## Task details:
Return the full listing unchanged, excluding any images it contains.

## Given material:
%%
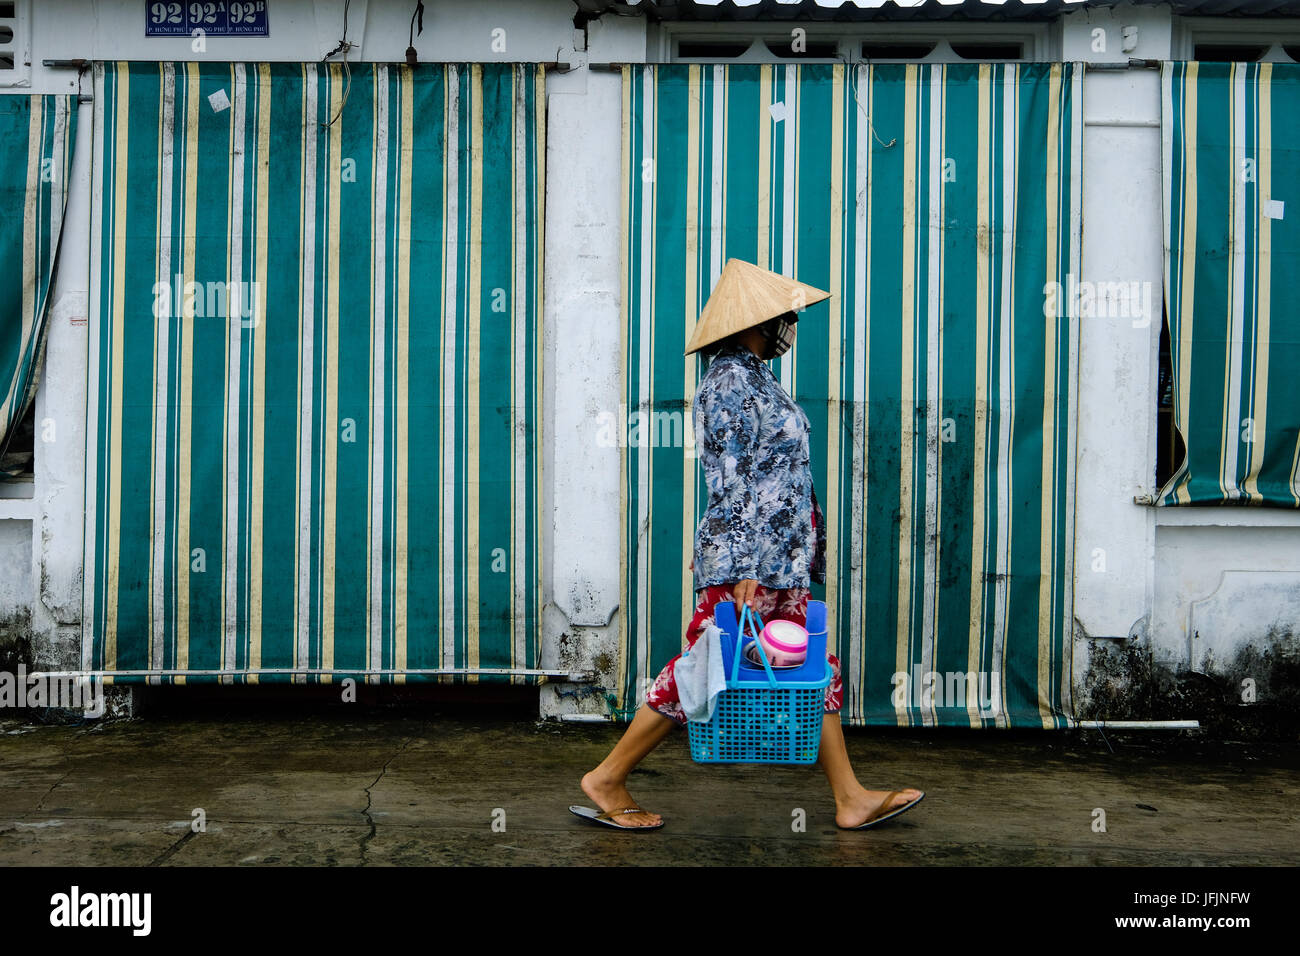 I residenti, i commercianti, i venditori ambulanti di andare circa le loro attività quotidiane a Can Tho sul Delta del Mekong, Vietnam Foto Stock
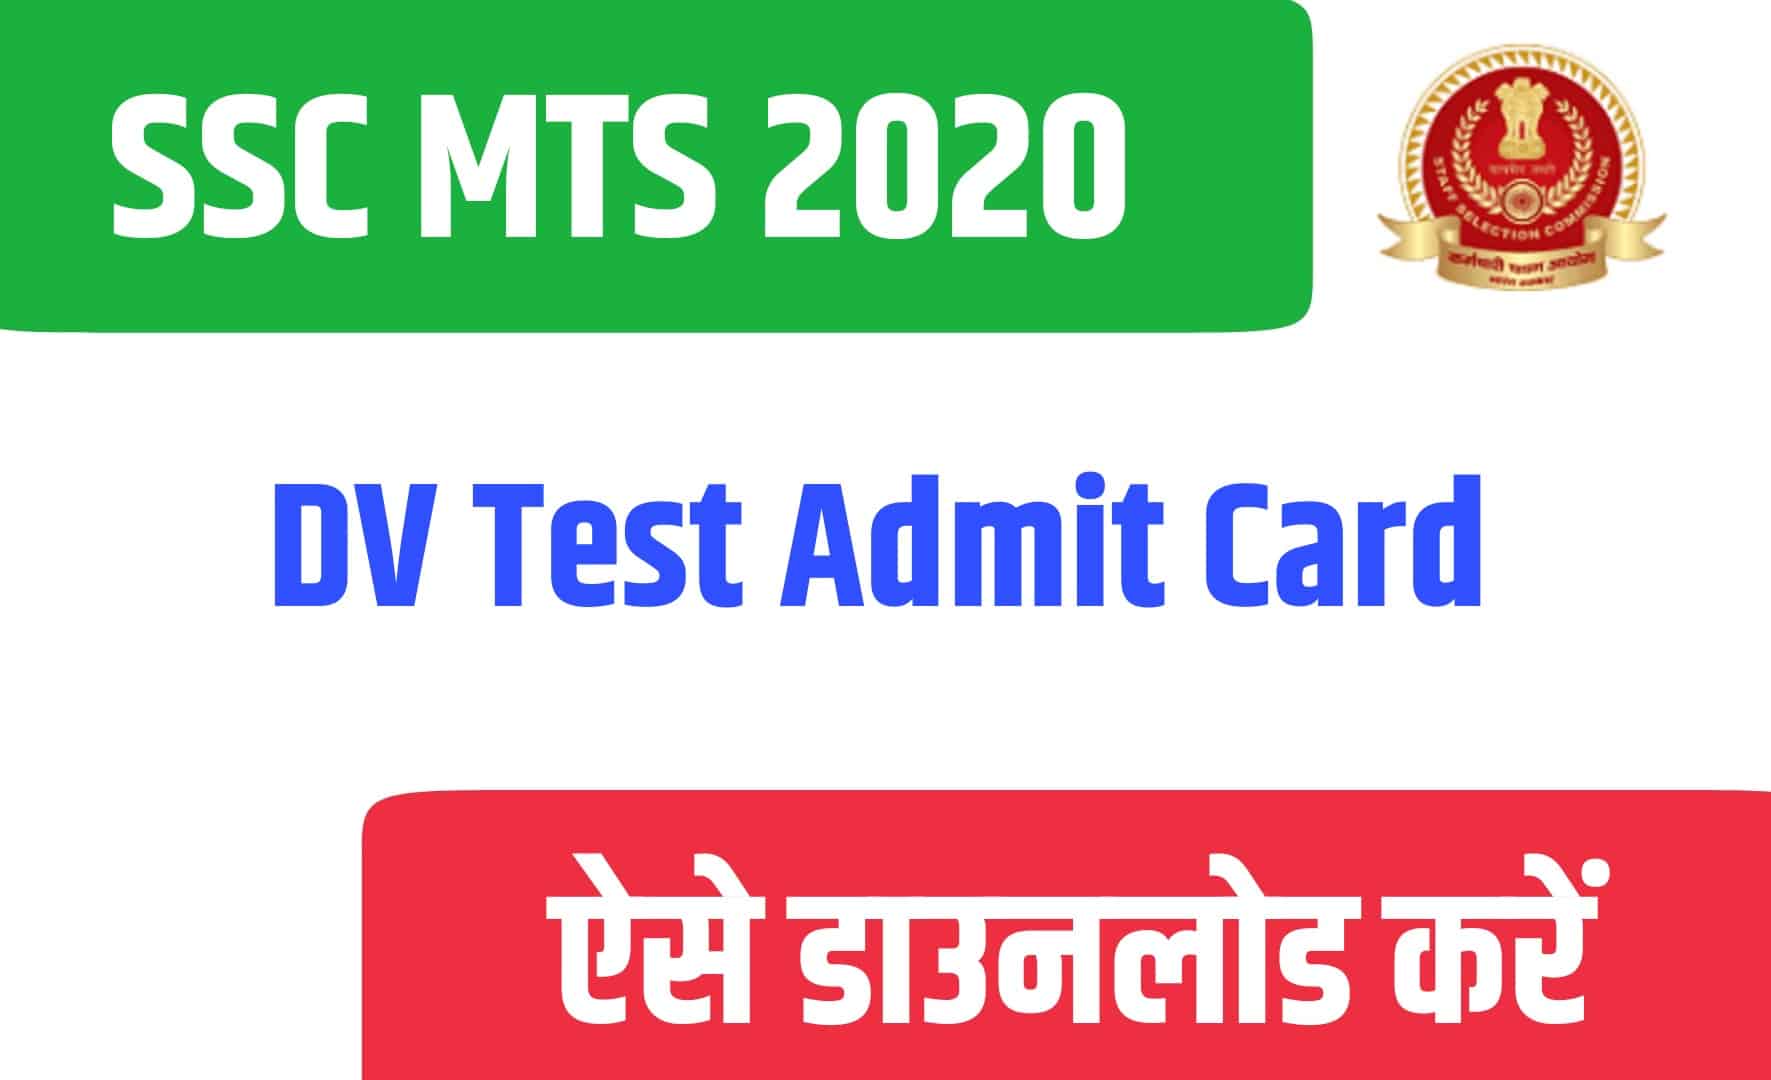 SSC MTS 2020 DV Test Admit Card | MTS दस्तावेज सत्यापन एडमिट कार्ड जारी
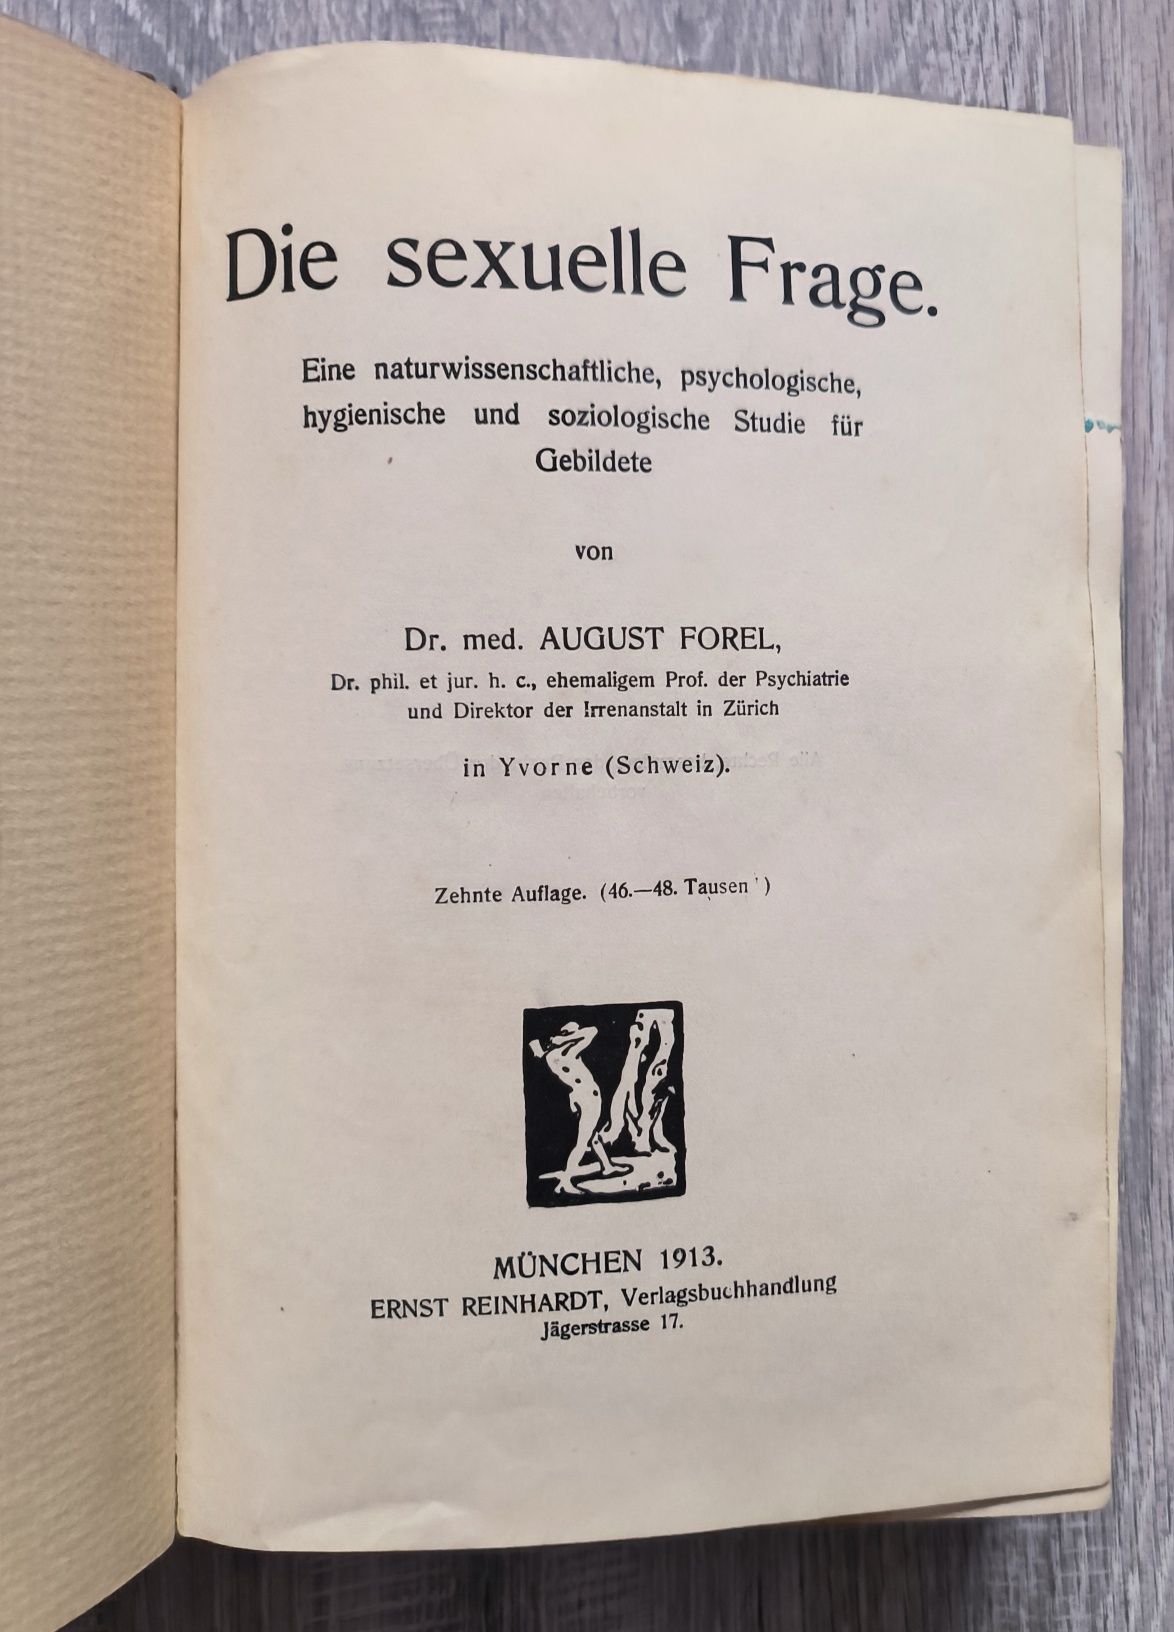 Die Sexuelle frage Forel 1913
%%
## Answer space:
 I residenti, i commercianti, i venditori ambulanti di andare circa le loro attività quotidiane a Can Tho sul Delta del Mekong, Vietnam Foto Stock
 SSC MTS 2020 DV Test Admit Card | MTS दस्तावेज सत्यापन एडमिट कार्ड जारी
 Die Sexuelle frage Forel 1913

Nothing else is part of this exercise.